Profiling with GPerfTools
Introduction
Gperftools is a set of tools for performance profiling and memory checking. One of the main advantages of the CPU profiler is a very nice graphical output, low overhead, and very simple use (the profiled application doesn't require any recompilation, and the profiling is enabled by simply preloading the profiler's library also an optional library linking is possible when compiling).
Installation
Install the library packages from the GitHub repository
git clone https://github.com/gperftools/gperftools cd gperftools ./autogen.sh ./configure make sudo make install
On debian-based systems the complementary tools are packaged under the google-perftools package. For graphical output you also need graphviz installed:
sudo apt-get install google-perftools graphviz
Note that all the tools have the “google-” prefix under debian - the prefix may be missing on other systems (and is also missing in the official documentation).
Profiling with gperftools
CPU
A) Profile the whole process runtime
1. To start profiling run:
LD_PRELOAD: Path to the libprofiler.so usually located at /usr/local/lib/ or /usr/lib/x86_64-linux-gnu for 64 bit systems.

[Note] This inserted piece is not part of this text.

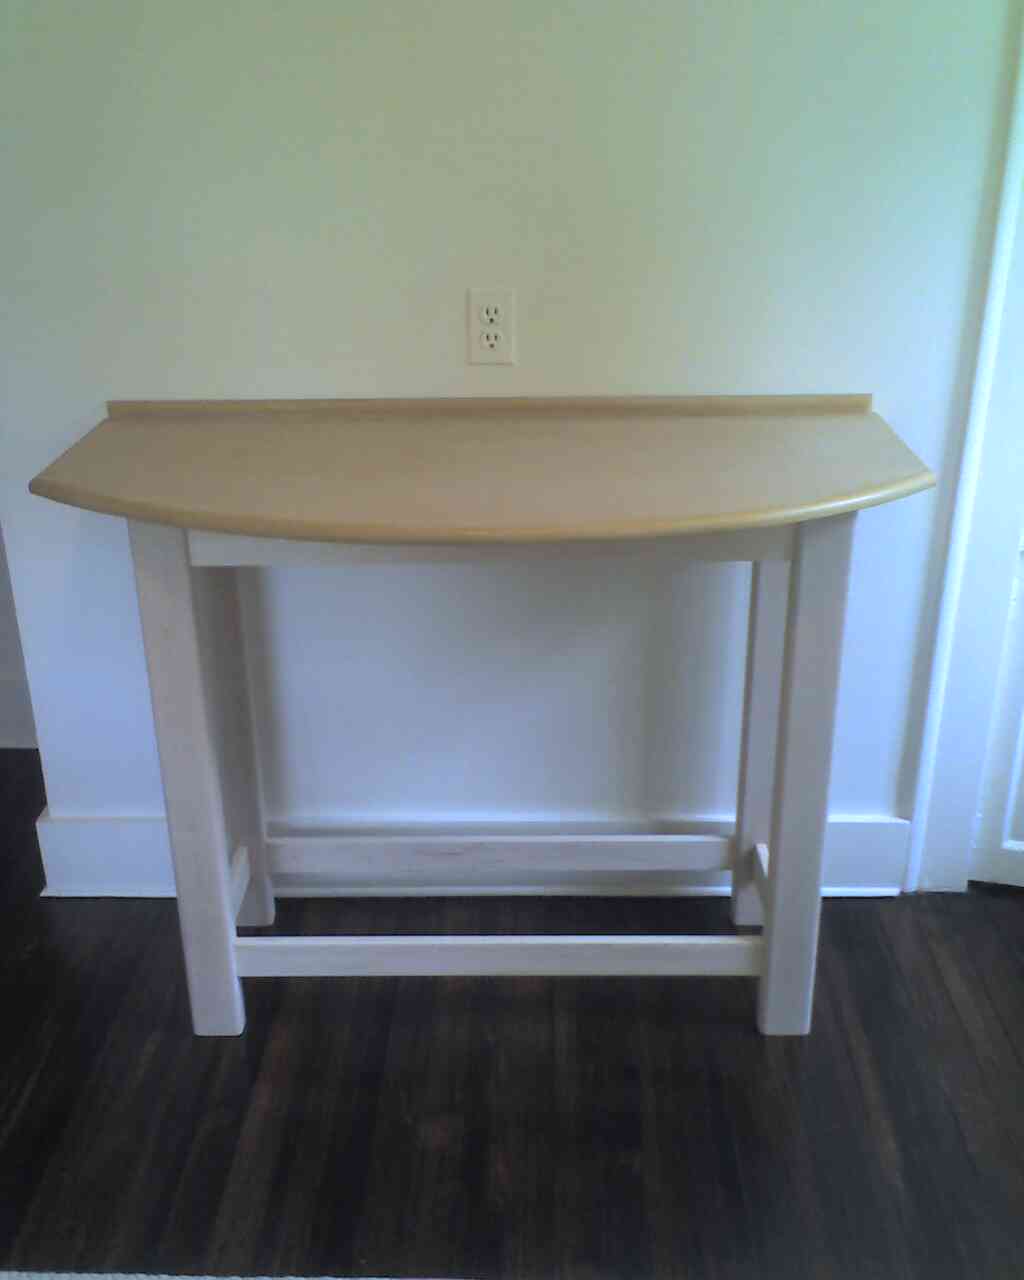 CUSTOM TABLES BUILT FOR YOUR NEEDS MANY DESIGNS AND STYLES CUSTOM FINISHING COLORS

CPUPROFILE: Name of the output log file
LD_PRELOAD=/usr/local/lib/libprofiler.so CPUPROFILE=test.prof ./path/to/bin
- Note: Application example for gst-launch-1.0:
LD_PRELOAD=/usr/local/lib/libprofiler.so CPUPROFILE=test.prof gst-launch-1.0 videotestsrc ! fakesink
2. Keep the application open or running until it finishes, in this mode if the execution is canceled for example with Ctrl+C the output file will not be generated.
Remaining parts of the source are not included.